"Recreational rioting is the term," the 46-year-old priest said. "It was like a Disney theme park for rioting. It was ludicrous."
Donegan said he and local Ardoyne authority figures — among them Irish Republican Army veterans once involved in directing, not stopping, riots — tried all night to take rocks, bottles and stones out of children's hands, but the kids wouldn't listen. Donegan said he particularly talked to a 9-year-old boy who had walked a mile (2 kilometers) that night to reach the rioting zone. "I thought to myself: Where are your parents? Who's supervising you?" he said in a telephone interview.

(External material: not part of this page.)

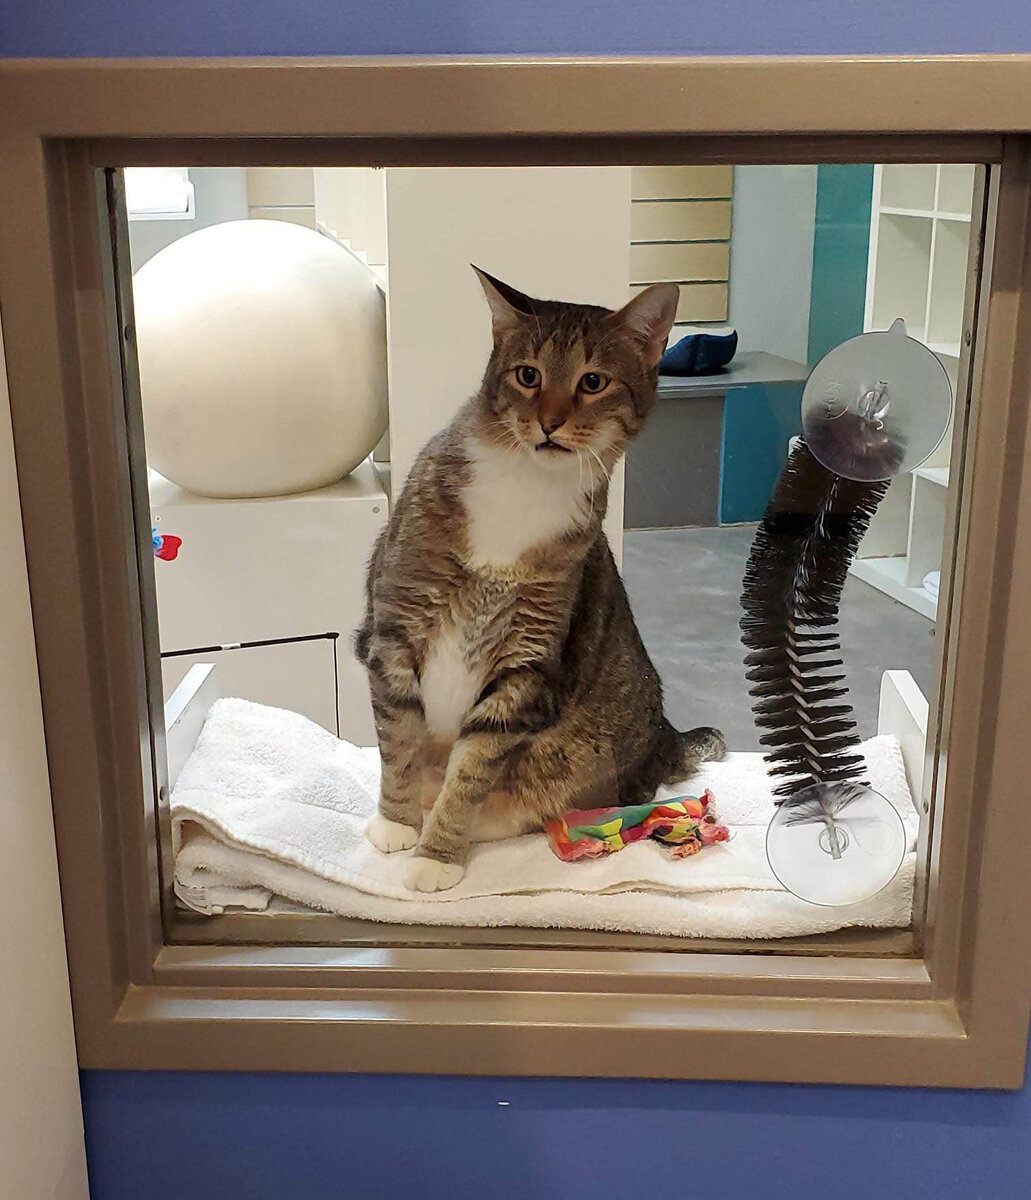 В американском приюте в Хьюстоне живет кот по имени Квилти, у которого, по словам волонтеров, обостренное «чувство справедливости»: «Квилти любит выпускать кошек из большой комнаты.-2

The priest said girls, many of them dressed for a night out — "At one stage it looked like a Milan catwalk," he quipped — had come to watch the boys riot. The boys in turn appeared determined to impress the girls with their bravery. He said alcohol and drug abuse fueled their dangerous behavior as police doused the crowd with jets from a water cannon.
He said IRA dissidents opposed to Northern Ireland's peace process undoubtedly have played a background role in stoking the past three nights' rioting, which has spread to several other working-class Catholic parts of Belfast and other towns. But the priest said he and Ardoyne community leaders were openly questioning whether the area's children would have sought street fights with police even if the cited catalyst for the trouble — a small Orange parade near [the] Ardoyne on Monday night — had been barred by police. "That's the burning question for us," he said. "I saw children facing down what would have been hardened mainstream (IRA) republicans of yesteryear who are now full weight behind the peace process, and they were taking (abuse) from these young people who were literally out of control."